Cos’è la finanza comportamentale
La teoria finanziaria classica suppone che gli individui siano perfettamente razionali e agiscano considerando tutte le informazioni a loro disposizione. L’osservazione empirica ha però mostrato come gli investitori tendano a commettere errori in modo sistematico. Quando si trovano in una situazione di incertezza, dove non hanno accesso a tutte le informazioni si affidano a delle euristiche, ovvero delle semplificazioni o scorciatoie mentali. Si tratta di un modo semplice per affrontare problemi complessi. Il termine con cui vengono identificate queste scorciatoie mentali è bias cognitivi.
La finanza comportamentale è un campo di studio che connette finanza, economia e psicologia, e parte dall’ipotesi che gli individui non siano pienamente razionali (in antitesi con la teoria finanziaria classica). L’obiettivo della finanza comportamentale è comprendere come l’andamento dei mercati finanziari sia influenzato da componenti cognitive o emotive non propriamente razionali.
I bias cognitivi portano gli investitori a percepire un’illusione di controllo del mercato, sovrastimando sistematicamente l’affidabilità delle previsioni, le proprie capacità di analisi e manifestando un eccesso di fiducia o sfiducia verso gli andamenti finanziari.
Questi “inganni della mente” tendono a farci prendere decisioni basate su aspetti non essenziali, quando si affronta un investimento.
Un esempio pratico: il quando conta di più del perché
Sarà probabilmente capitato anche a voi, di tornare ossessivamente con il pensiero su un evento o una decisione presa, soprattutto se l’esito è stato negativo. Magari è finita una relazione importante o abbiamo avuto problemi seri al lavoro e continuiamo a chiederci “perché?”. Ci chiediamo cosa avremmo potuto fare di diverso.
Continuiamo a rimuginare finché non arriviamo ad una spiegazione che ci sembri logica. Come anticipato, è un problema dovuto all’impostazione delle nostre menti. In termini evolutivi, come specie, siamo così avanzati rispetto alle altre anche per questa caratteristica che ci contraddistingue: ci chiediamo il perché delle cose.
Siamo curiosi. Vogliamo sapere.
Non sempre però questa curiosità è benefica, a volte è controproducente, specialmente nei campi dove il processo decisionale deve essere rapido e il set informativo cambia costantemente. Come in finanza. O nei sistemi complessi.
Immaginiamo un pilota militare che nel pieno dell’azione si fermi a ponderare interminabilmente sul perché è successo quello che è appena successo.
In questi ambiti il quando conta molto più del perché.
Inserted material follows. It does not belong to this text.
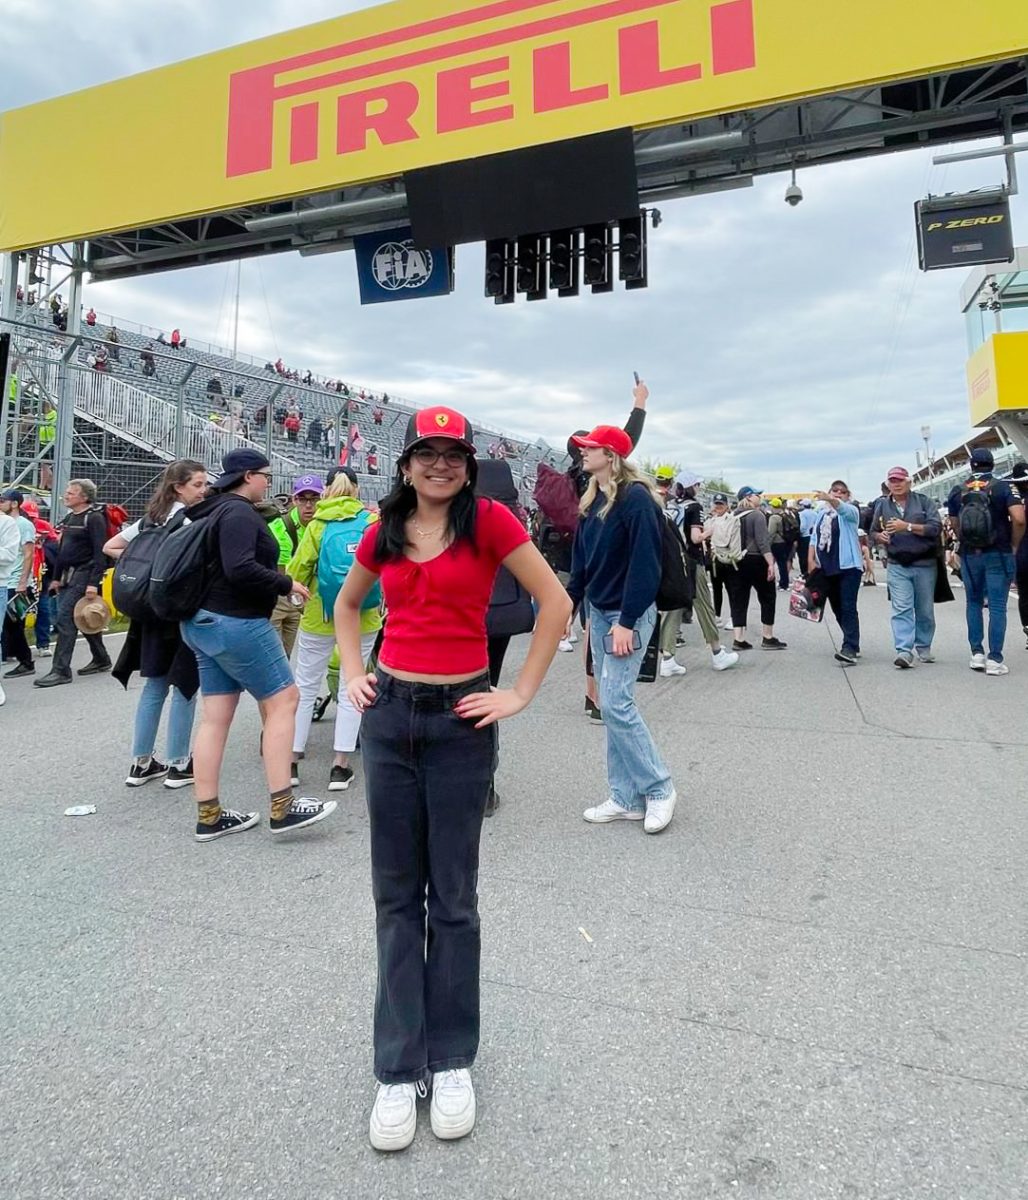 Monika Mukerji at the 2023 Formula One Canadian Grand Prix. She described it as one of the most amazing experiences of her life.

Non sempre è utile spiegare, a volte dobbiamo prendere semplicemente atto della realtà e andare avanti gestendo la situazione presente alla luce dei fatti. O nel caso dei mercati alla luce dei dati. Le scienze comportamentali e le neuroscienze hanno dimostrato quanto tempo perdiamo a pensare alle cose che ci succedono.
Tempo che è sprecato se:
- non possiamo fare nulla al riguardo e
- se la comprensione del perché non aggiunge nessun valore al processo decisionale in corso.
Allo stesso modo chi si occupa di mercati finanziari quotidianamente si rende conto di quanto l’informazione proposta ruoti attorno allo spiegare perché accade quello che accade.
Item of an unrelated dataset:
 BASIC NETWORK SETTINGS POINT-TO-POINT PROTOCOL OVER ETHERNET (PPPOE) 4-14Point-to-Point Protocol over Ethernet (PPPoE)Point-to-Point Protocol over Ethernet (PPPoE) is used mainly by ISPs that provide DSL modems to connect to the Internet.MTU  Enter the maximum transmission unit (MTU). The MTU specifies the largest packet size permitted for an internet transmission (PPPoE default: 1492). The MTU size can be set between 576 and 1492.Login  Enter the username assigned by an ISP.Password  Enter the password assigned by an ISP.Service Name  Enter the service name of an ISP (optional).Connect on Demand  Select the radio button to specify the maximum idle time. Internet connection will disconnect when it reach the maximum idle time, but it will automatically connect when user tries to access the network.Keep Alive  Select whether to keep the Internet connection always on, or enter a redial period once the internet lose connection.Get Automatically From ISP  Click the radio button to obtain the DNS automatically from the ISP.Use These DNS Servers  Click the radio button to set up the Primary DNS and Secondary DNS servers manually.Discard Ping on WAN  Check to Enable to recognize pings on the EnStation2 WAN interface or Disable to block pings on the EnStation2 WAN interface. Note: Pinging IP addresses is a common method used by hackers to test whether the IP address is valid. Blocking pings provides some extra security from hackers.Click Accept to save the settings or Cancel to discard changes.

Perché il petrolio ieri è sceso? Perché l’indice Dax è salito? Come mai i tassi americani di lungo periodo stanno risalendo?
Non è importante. Ci sono una serie di risposte possibili e sono tutte valide ma nessuna definitiva. L’unica cosa che conta è che sia successo.
Immaginiamo che ci offrano la possibilità di prevedere il futuro. Ma di sapere solo una cosa riguardo a questo futuro, per esempio riguardo al prossimo storno dei mercati. E immaginiamo di dover scegliere tra il sapere:
- perché avverrà oppure
- quando avverrà
Cosa sceglieremmo?
Ogni trader e investitore degno di tal nome sceglierebbe ovviamente il quando.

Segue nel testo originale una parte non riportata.